Amid the partying on the boat, Schwab said it was hard to put his emotions into words.

“There’s an awful lot involved – personal pride, pride to the people who helped me get there. … And I still have to figure out how to pay for all of this.”

Operating on a bare-bones budget, Schwab set the goal of completing the race, and he designed and outfitted the boat accordingly.

Just the second American to sail around the world alone without stopping, Schwab said he was gratified by the outcome of an endeavor that lacked major corporate sponsorship and relied heavily on volunteer help and in-kind contributions.

Because of debts owed by himself and his nonprofit foundation to finance the venture and lack of insurance coverage for Ocean Planet, Schwab said he was compelled to sail “very conservatively.”

“We weren’t able to afford insurance and have a lot of loans secured by the boat – there was a lot on the line besides my ego,” he said.

Although he doubts that there is another solo circumnavigation in his future, Schwab is looking ahead to 2008 and the start of the next Vendee Globe.

“I don’t see myself as the ‘jockey’ again,” he said. “I’m a ‘preparation’ guy, and a lifetime sailor, and in the end that is why I succeeded without a big sponsor. But there are a couple of guys that might be able to sail faster if I set them up with the right boat and program.”

While it has a limited following in the United States, the quadrennial Vendee Globe is watched closely by tens of millions of television and Internet viewers worldwide. This year’s winner was Vincent Riou of France, who finished Feb. 2 in a record 87 days.

The race was the second around-the-world solo race for Schwab, 44, a lifelong sailor from Oakland, Calif., who has spent much of his career as a rigger and in other boatyard jobs. He sailed Ocean Planet in the 2002 Around Alone, a five-leg race with stops along the route.

Schwab prepared for the Vendee Globe in Portland, Maine, where he divided his time between working on the wood-and-carbon fiber sloop and raising money for the race. He plans to return the boat to Portland this spring.

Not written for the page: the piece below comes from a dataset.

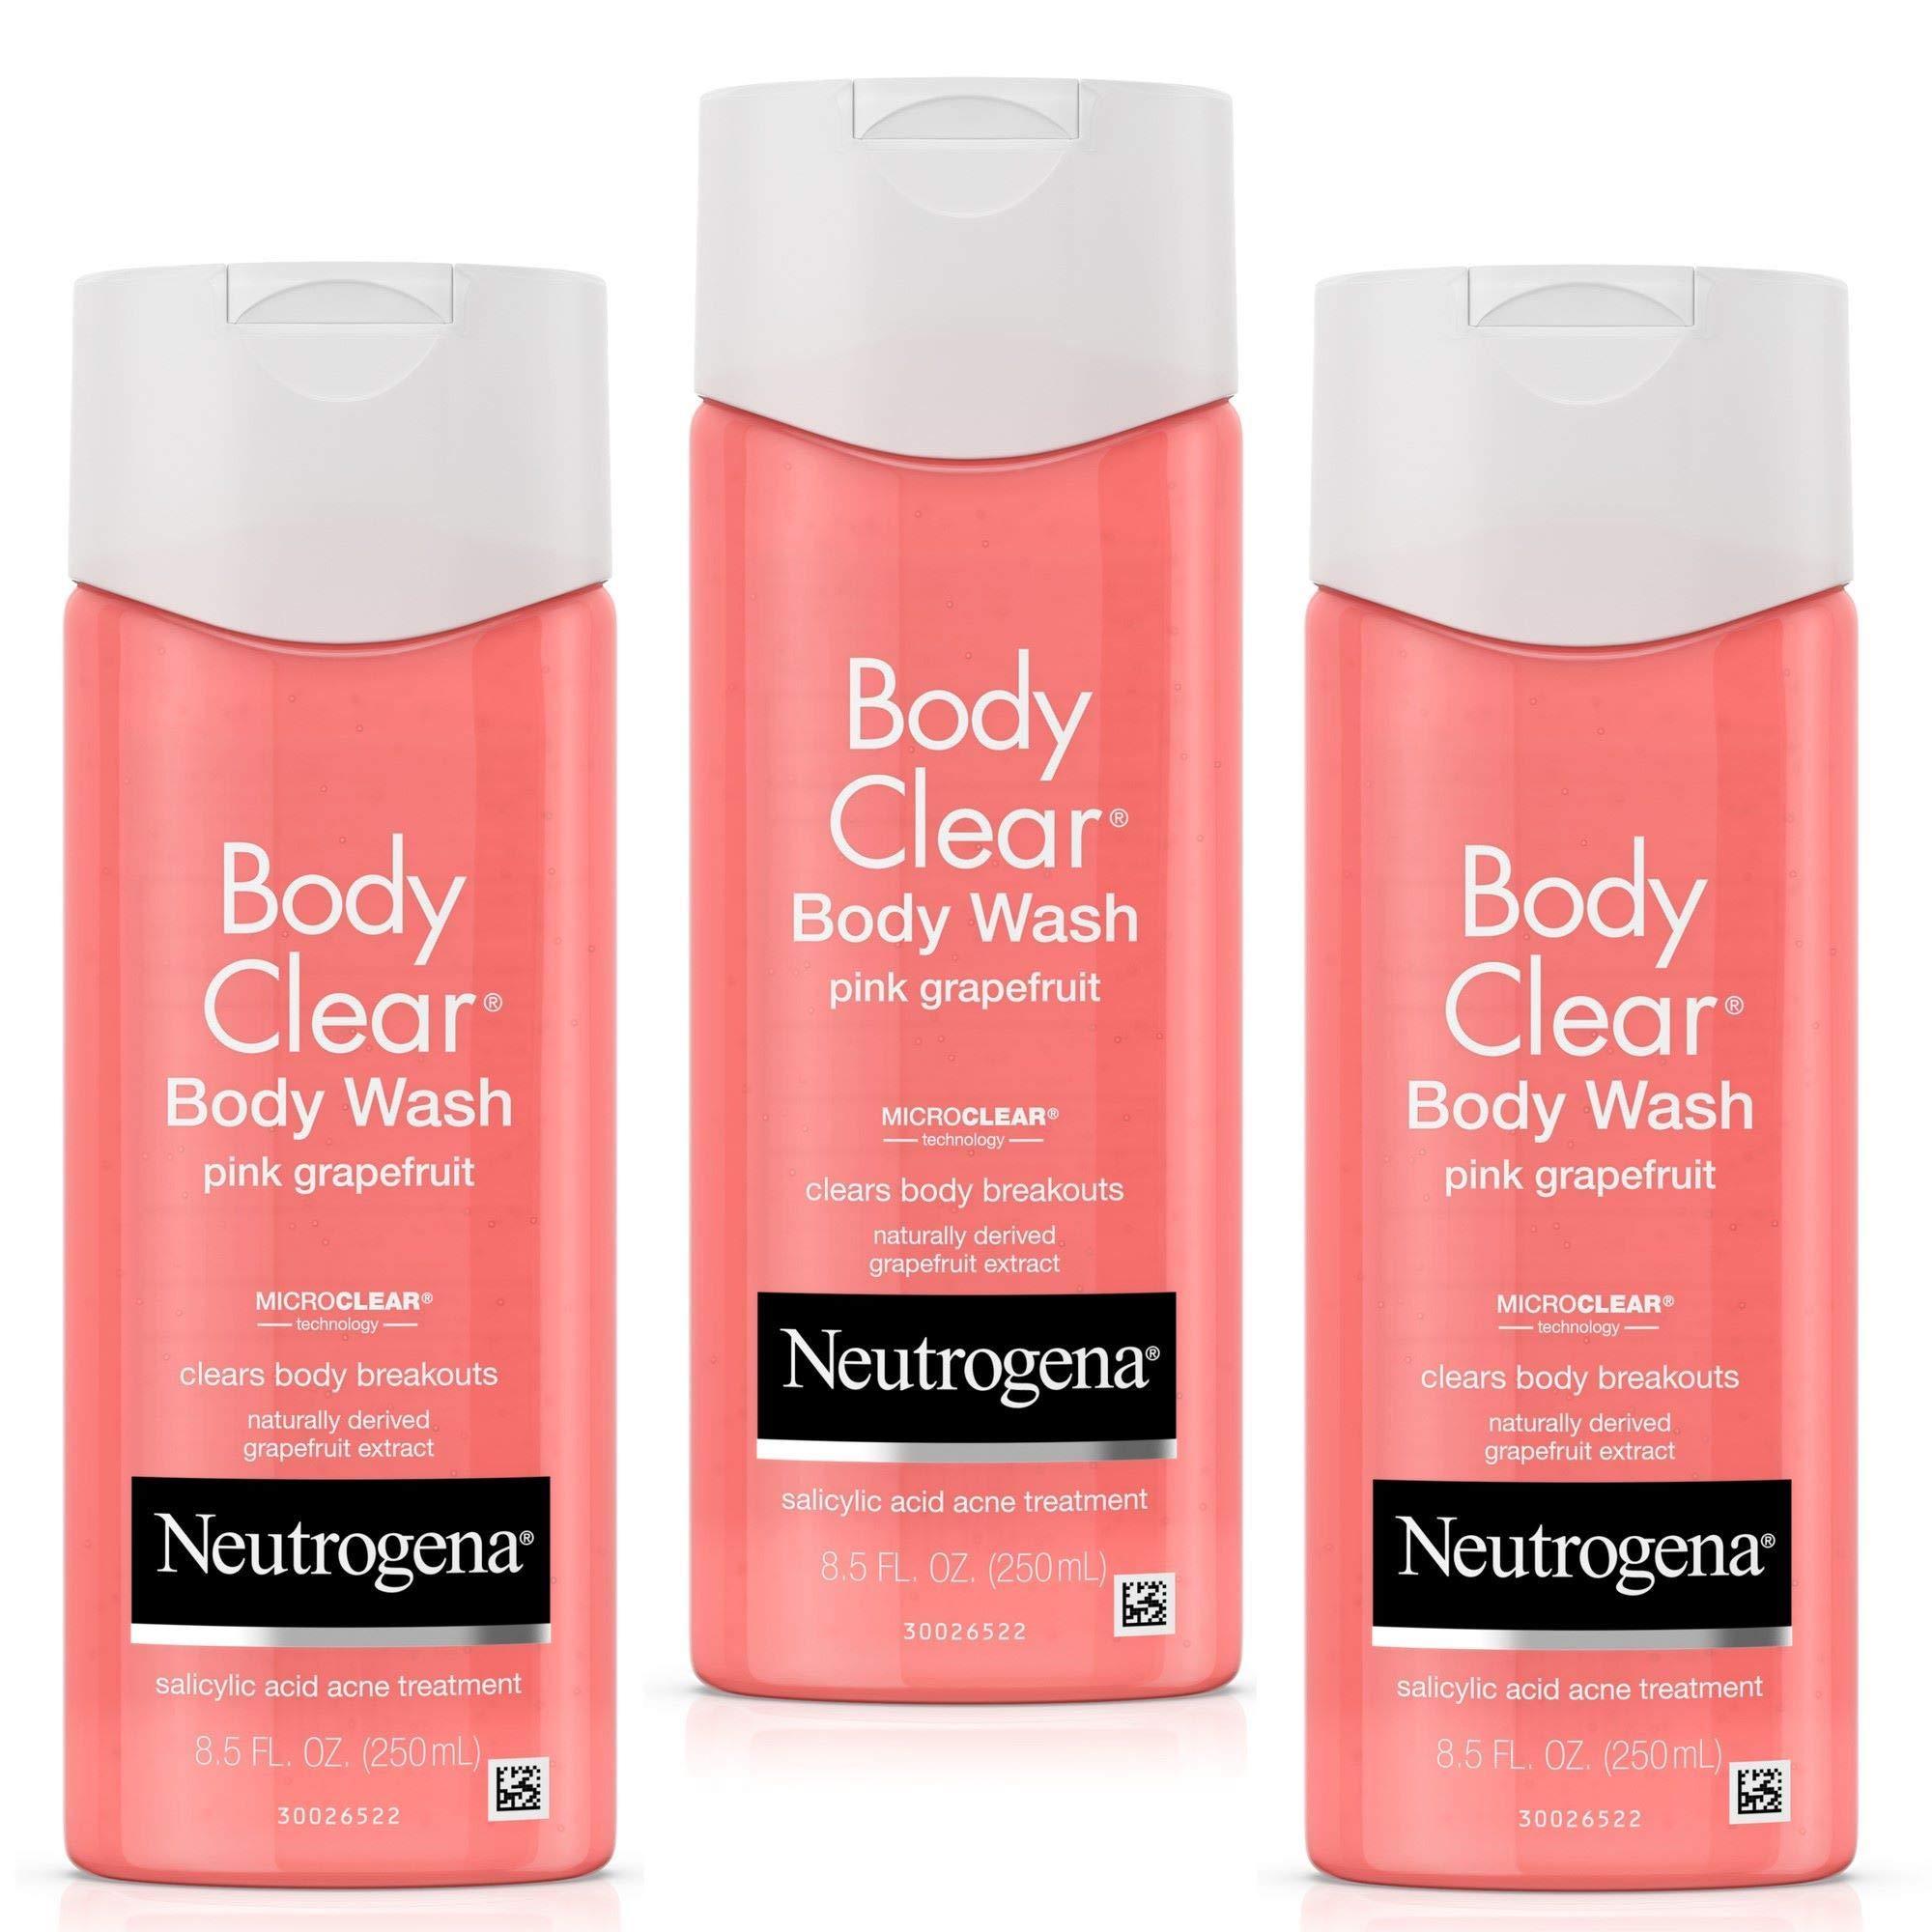 Neutrogena Body Clear Acne Treatment Body Wash with Salicylic Acid Acne Medicine to Prevent Body Breakouts, Pink Grapefruit Salicylic Acid Acne Body Wash for Back Chest & Shoulders, 8.5 fl.oz (3 Pack) by Neutrogena

The refinements were made at Portland Yacht Services, where volunteers drifted in periodically to help Schwab. The yard’s owner, Phineas Sprague, was among the contingent of Schwab supporters who were at the finish to greet the skipper.

“There is great honor in finishing this effort,” said Sprague, applauding how Schwab overcame his lack of major sponsorship by preparing “an affordable and innovative boat that had little chance of winning but would allow a creditable but conservative race.”

The Vendee Globe began Nov. 7,with the 20 boats in the starting field sailing south to the Cape of Good Hope before heading into the treacherous Southern Ocean. The route carried them south of Australia and to within a few hundred miles of Antarctica before it rounded Cape Horn for the final run back to France.

Schwab covered more than 23,680 miles of often choppy waters in 109 days, 19 hours, 58 minutes and 57 seconds at an average speed of 8.98 knots.

His trip came 13 years after countryman Mike Plant was lost at sea during the race. Plant’s overturned Coyote boat was found by a container ship in the North Atlantic in the inaugural Vendee Globe in 1989-90.